All four spokesmen questioned me in the afternoon, all managing to make a fool of me and to prove that everything I declared was an invention. One gets tired for some reason of always answering a question in the same words when it is put four times, so I no longer remember my different answers though I do remember many of the questions:

Q
: If the lock of the cupboard you hid in was outside, how did you succeed in opening it from inside?

Q
: As a cartographer you must have known the points of the compass and whether you were running, as you insist you were, N. S. E. or W.?

Q
: You say he came from the side of the road where he had been sitting down. Can you tell us no more than that?

Q
: What do you mean by ‘hundreds of yards’ between you and the prisoners who had surrendered?

Q
: What! Do you tell the Court in all seriousness that though you had no glasses and it was almost dark. you could both see all the things that you have just mentioned and not see the uniforms of those from whom your captor asked assistance?

Q
: He turned away and left you standing there. Did this not strike you as extraordinary?

Q
: You say you had no money. By what means, then, did you persuade this simple soldier to leave you where he did?

Q
: Yes, you have told us more than once that fear was your only emotion. May I suggest that you are much braver and cleverer than you have chosen to admit?

Q
: And you insist that most of your countrymen are like you – that they give their best to their hobbies and try to forget what they do for a living?

Q
: May I put it to you that this was merely the beginning of a treatment of yourself that has been irregular and scandalous continually?

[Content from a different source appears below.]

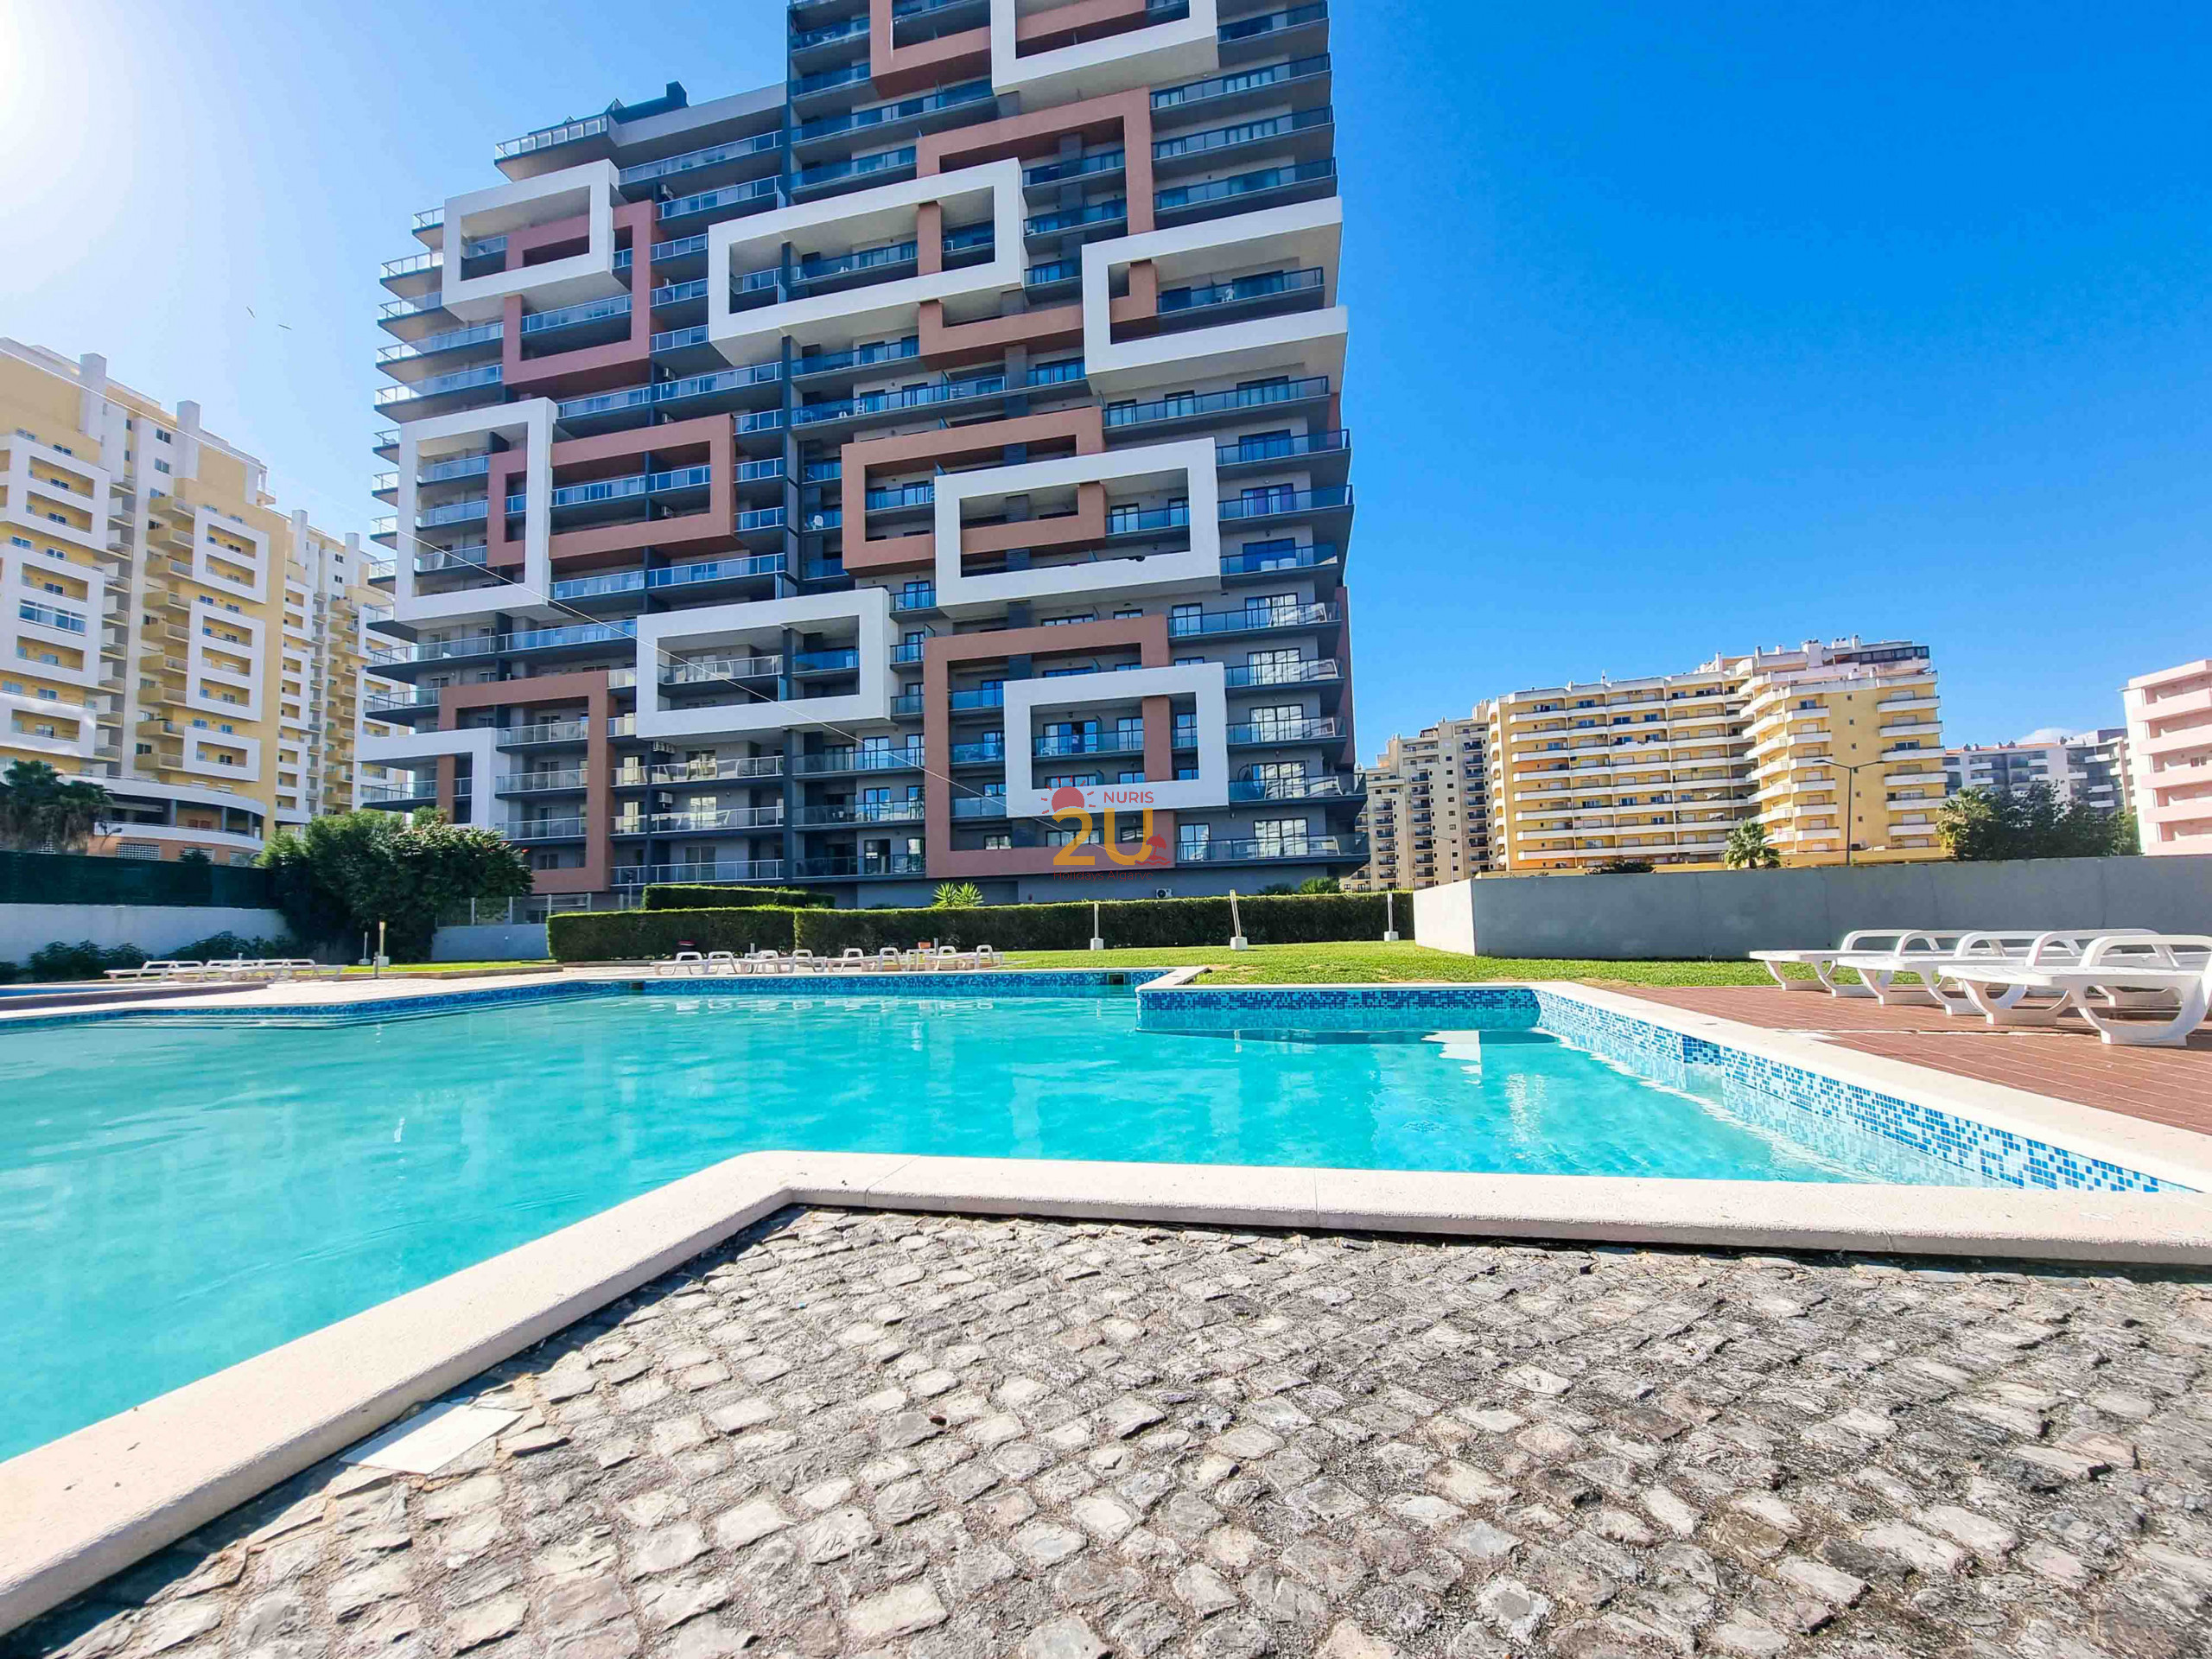  à Portimão -  Praia Rocha Tower Lovely Apartment

When they were finished with me – at least, finished with the part about how I got to the greenhouse at all – they had run through another day and got me in the condition where nothing I said was of any use and
seemed so even to me. And it was all like double nonsense in the end, what with every question and every answer needing to be said twice over, in their own language and in translation for me. Like everyone who finds himself in that kind of mess, I suppose, I began to lose hope that anyone at all was believing me and to be afraid that three of them were determined, for various reasons, to turn me into a sort of
MACKENZIE
, who had the heart of a lion and would serve my country to the death. It was the aim of two of the spokesmen, I saw, to show how justified the Colonel had been in shooting the brute who was somehow in the pay or under the influence of a bold, clever spy like me, while the third spokesman was out to show how culpable the Colonel was for confining a terror like me only in a house with glass walls and pots of flowers to hide my secrets.